Distributed Morphology

The theory of Distributed Morphology

The theoretical approach of Distributed Morphology (DM) can be seen as one of the recent developments in Generative Theory. It was originally introduced in Halle & Marantz (1993) and later developed in Halle & Marantz (1994), Halle (1997), Marantz (1996, 1997), and subsequent work. The core idea of DM is the existence of a single generative component – namely, syntax – capable of building complex structures by combining smaller units in a systematic and hierarchical way. It represents, thus, a departure from lexicalist models, in which not only syntax, but also the lexicon, is able to employ generative mechanisms. Therefore, DM breaks the boundaries between sentence and word formation, which means it treats both sentences and words as being built by the same operations, implemented in the same component.

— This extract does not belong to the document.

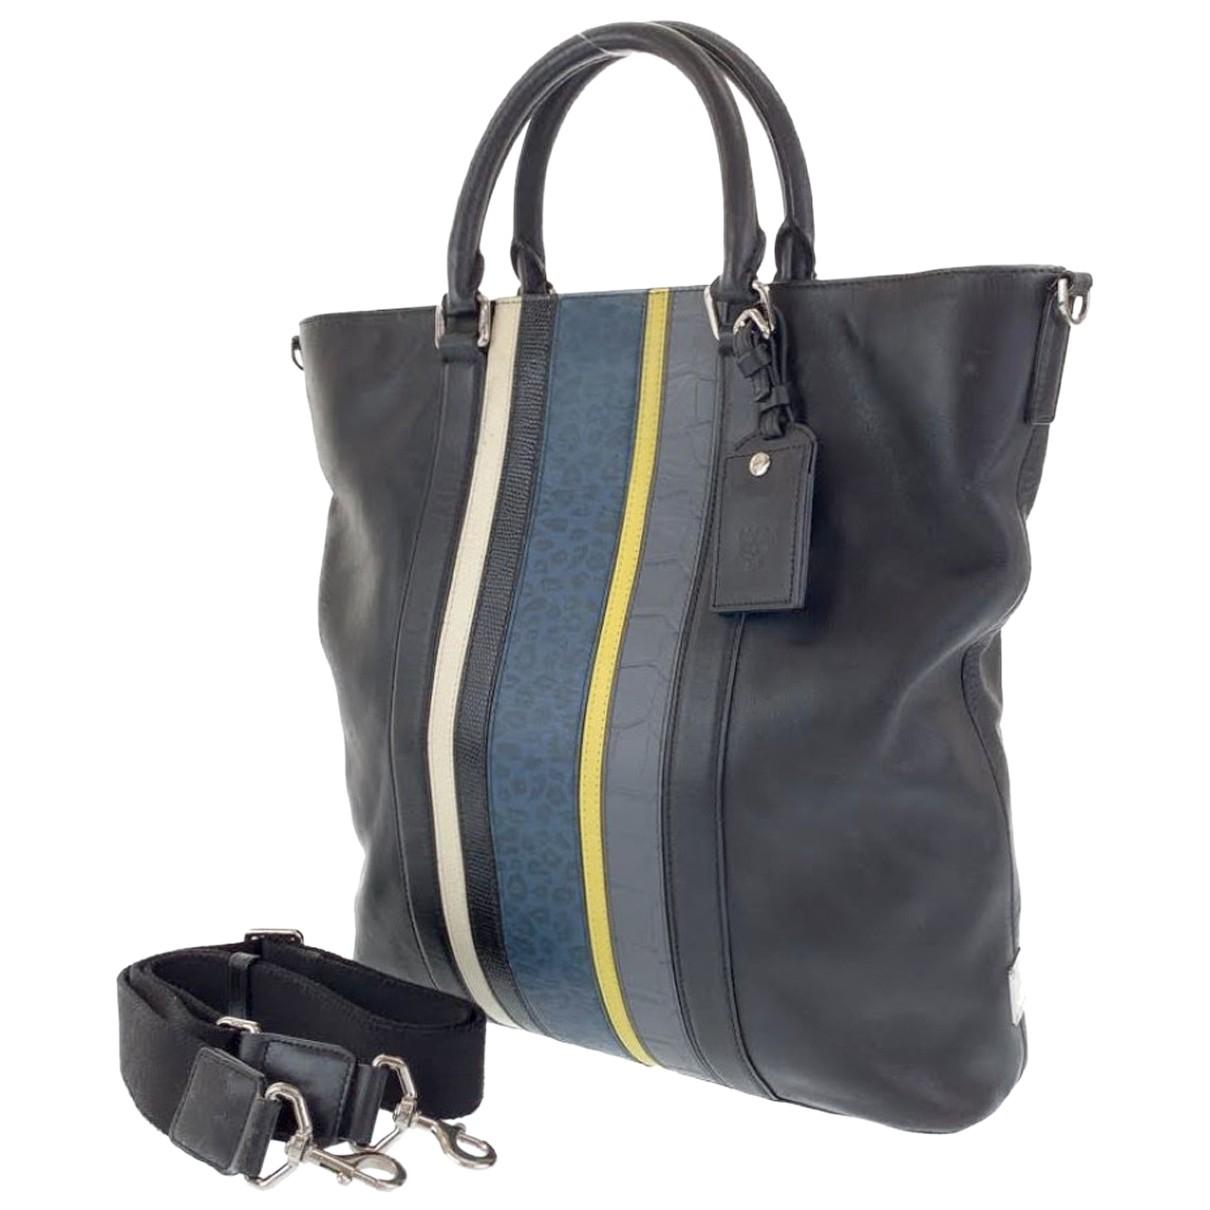 Mcm N Leather bag for Men N

Under such an approach, the idea of a lexicon is greatly weakened, and DM postulates that many properties traditionally associated with it are distributed across the derivation. Specifically, the model makes use of three lists, each of them storing different types of information; those lists are accessed at specific moments of the derivation, when their information becomes necessary. Even if we cannot say that these ideas were new at the time (as the authors themselves acknowledge the inspiration in work by Lieber (1992), Aronoff (1992), and Beard (1991), to mention a few), the proposal of deriving words within syntax and combining it with post-syntactic phonological insertion and readjustments in a single grammar model is responsible for the novelty of Distributed Morphology.